I’m just not a great fan of overly, overtly processed food either. It is another one of my ‘minority’ dislikes. I do indulge it now and then, including for ‘convenience’ or laziness, but I more often than not regret it afterwards. When ‘processing’ goes so far that it takes away from the subject ~ that seems to me to be silly? In the case of alcopops the flourescent colourings and the excessive sweetness masks the alcohol ~ I guess so folks can get sick drunk without the imposition or reminder of alcohol on the taste buds?

With music it might be that it is just a case of too much of a tweak on the reverb, because that suits the modern ear, that love of the acoustics in a tiled loo or a staircase ~ OOOOH! Maybe it is an over excited accompanist trying every possible chord or way or drum sequence they can imagine, or just repeating the same loop over and over again because it is ‘hypnotic’, or so they think? Cute chords and counter rhythmic flips just for the sake of themselves, always draw my attention like chalk squeak. You might be able to do that with it, but do you really want to, and continually? Do we really want a twisted Venusian way with it all? Well, maybe, if there’s some humour behind it, but when they take themselves so seriously as to also compose tunes that show little dance sense about them, but pretend to be dance music ~ nah, you can like that, that is probably the resuly of being part of an over processed culture, along with MacDonald’s and Burger King and Kentucky Fried Chicken ~ but it isn’t for me, not as a recording and not in concert or in a session, but I’d never deny anyone their little pleasure and nod of respect to what they like, as long as it didn’t dominate and impose itself…as it can and by reports above, does…
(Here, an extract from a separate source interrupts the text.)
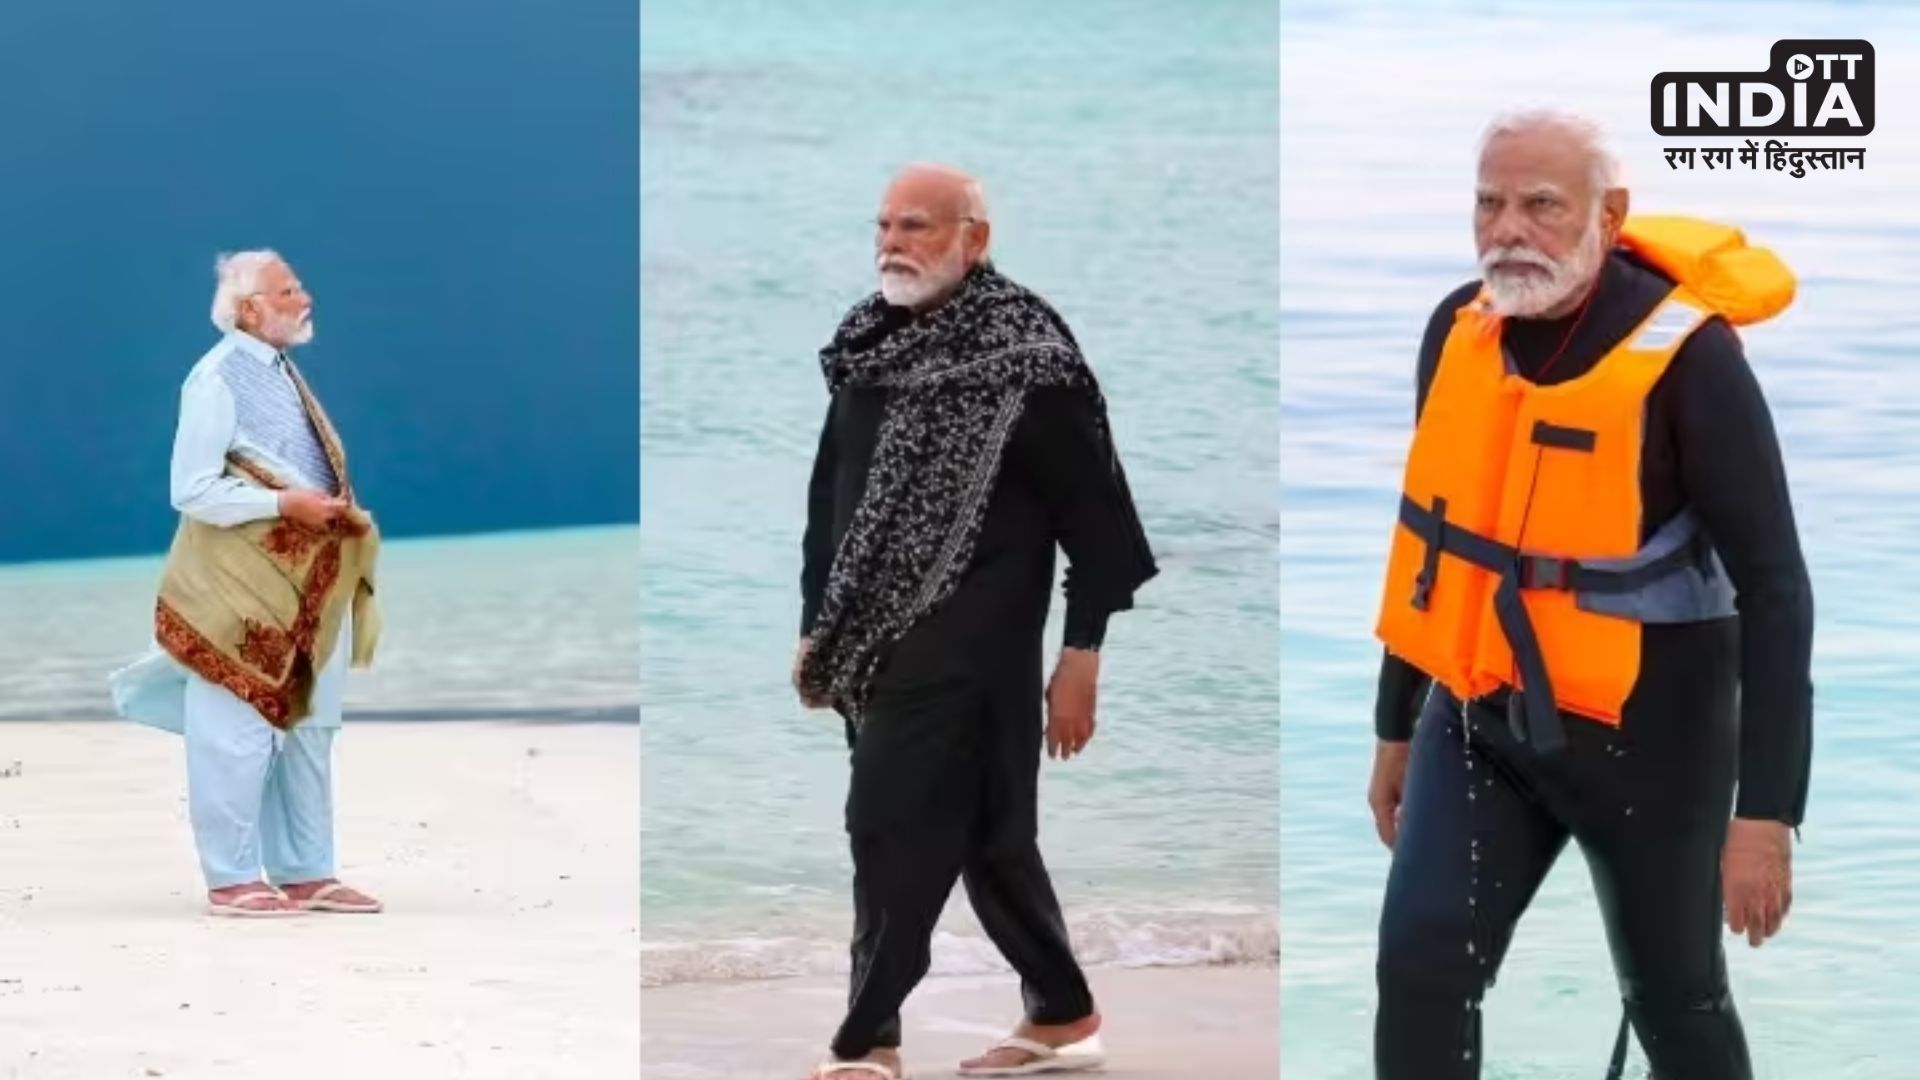 PM Modi Lakshadweep Photos : जो लोग स्नॉर्कलिंग करना चाहते है उनकी लिस्ट में होना चाहिए लक्ष्यदीप : पीएम मोदी

I suppose it is all in how you are brought up. If you have quick food and processed things as a general course, maybe that is also what you expect of your music, that it also be processed and full of E’s. I have had both, but my druthers are home cooking, however rough that might be. I like a good process though, definitely, but I don’t consider Lunasa to fit that, at least not yet, the processing is too evident and draws attention to itself and away from the music. For me they haven’t yet gelled and the clumsiness of their handling of the music jars on my senses. I do understand it is easy to get carried away with oneself, the possibilities, and even more so with so much adolation about, and the sales and concerts and all that clapping and cheering. But for now I think they are a bit lost in it. My hope an expectation is that they will come around to the music again and that one way or another, at least some of them, will start to show understanding and respect for it ~ whatever experiments they might be conducting in the future…



I heard a pair doing Bach and other classical pieces on whistles and recorders with guitar accompaniment in the underground ~ and it was wonderful, and if they’d had a CD we would have bought it. It swung beautifully, made me dance the length of that hall, and we made a rare contribution. It had humour and made us laugh…
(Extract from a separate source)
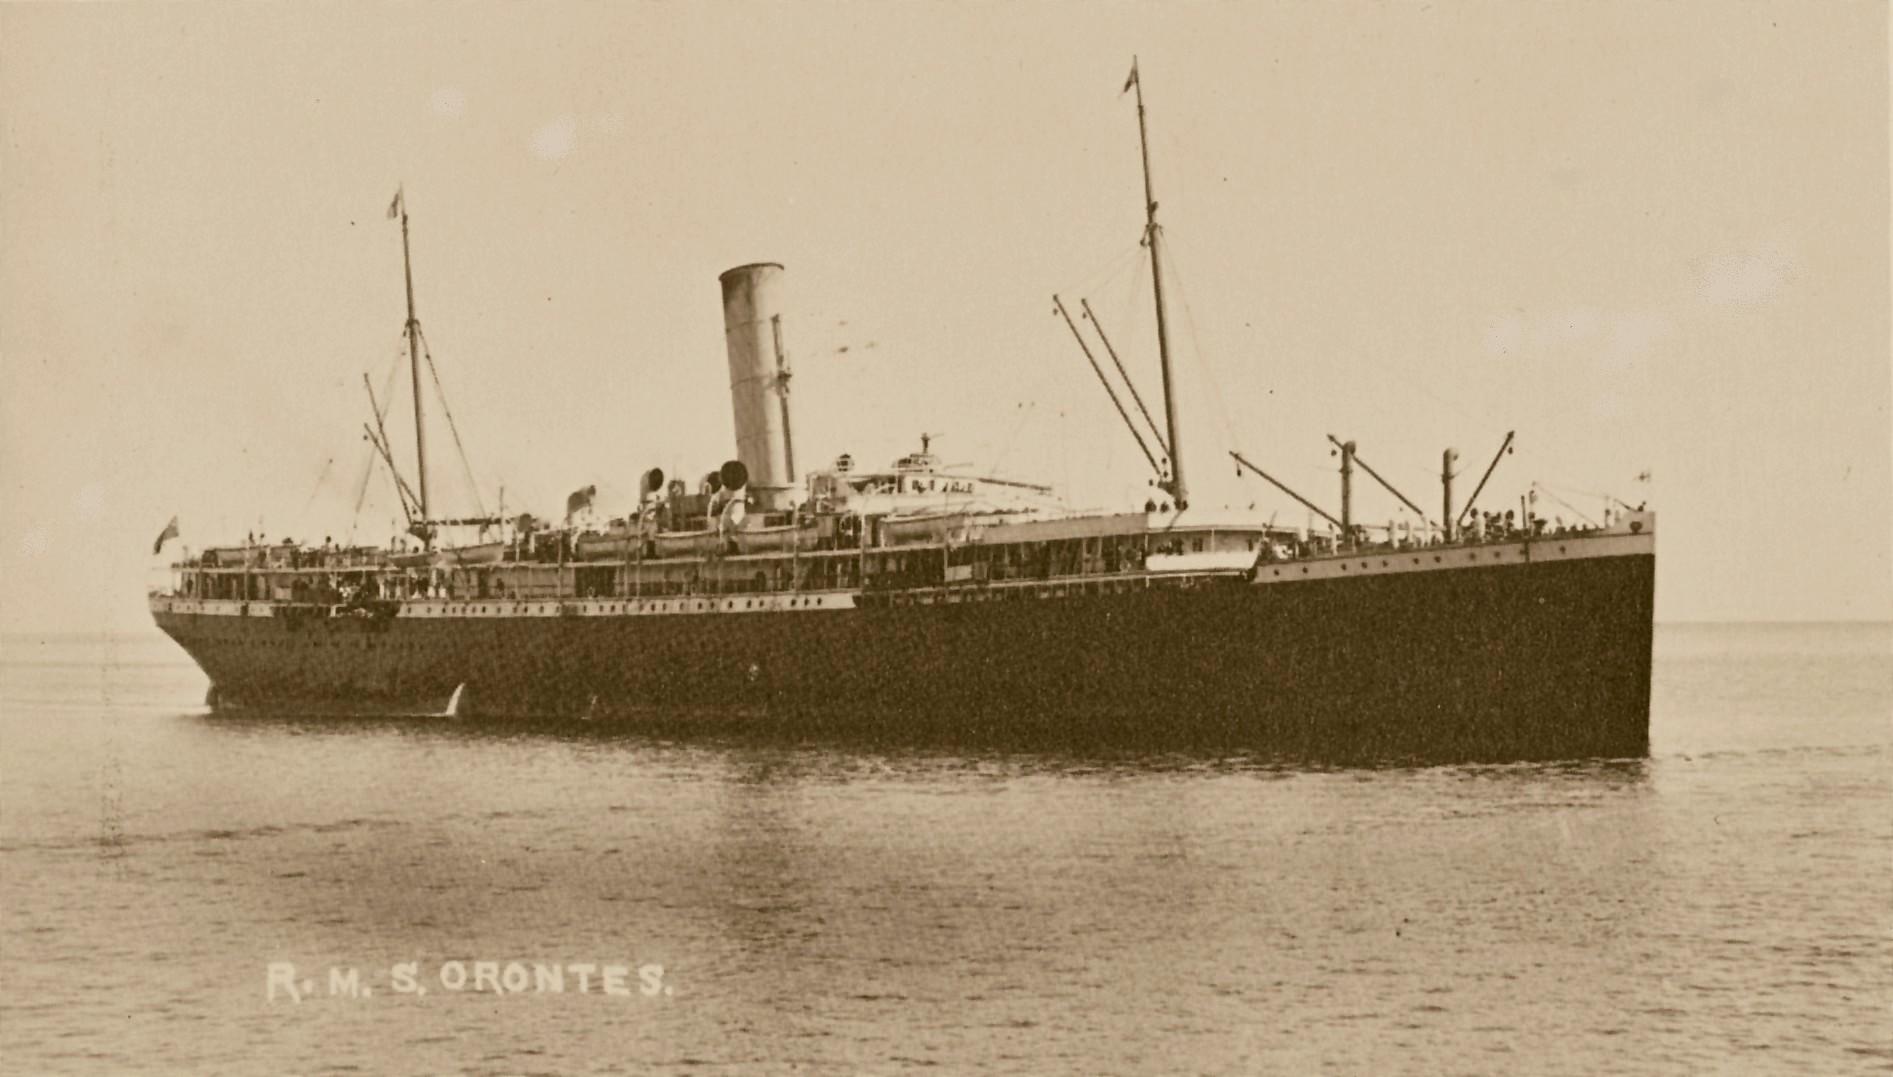 RMS Orontes

I’ve never called anyone an ‘abortion’ ~ and I never would… Just to emphasize this has never been about a person for me, I don’t see the sense in criticizing an individual. It is about an act, an action, a creation, a process ~ a way that the collective noun ‘Lúnasa’ has with music related to part of my musical passions ~ Irish music. Yeah, I know, they don’t pretent to be anything other than what they create and process and produce ~ they aren’t pulling the wool over anyone’s eyes. They are providing for a need, and they are lucky enough, I hope, to make a living from it, touring and doing concerts, collectively and individually. That is admirable.

My criticism is to do with the E’s, the additives, the processing and the end result that is being sold in CD and other recorded forms. I’ve done some messing around with E’s myself, and occassionally I have a taste for certain ways some others have with it, and I get pleasure and humour out of it. But, not with what Lunasa is doing, not for me. For me the E’s overpower the heart and spirit of the music, lack humour, and if there is pathos it is overtly melodramatic, but not that I don’t occassionally enjoy that too… Some Grease can be fun… So shaking the hand of individuals doesn’t really work here, as I’m not talking about individuals, but a process. Sorry if that wasn’t clear, and thanks for forcing me to confront it and try to make it clearer.

One’s tastes and choices can and do change. As someone suggested earlier, they can ‘mature’ with experience, education, understanding, or just getting fed up and tired of the same ol’ cute tricks and cheap electrical tweaks or canned arrangement twiddles… The novelties easily wear thin with increased exposure and use, the E’s, sweeteners and colourants… I’ve known musicians who have grown sour on it all. I hope these talents don’t go that way, but too much artificial anything and you start to feel a bit tainted yourself ~ again speaking from some personal experience.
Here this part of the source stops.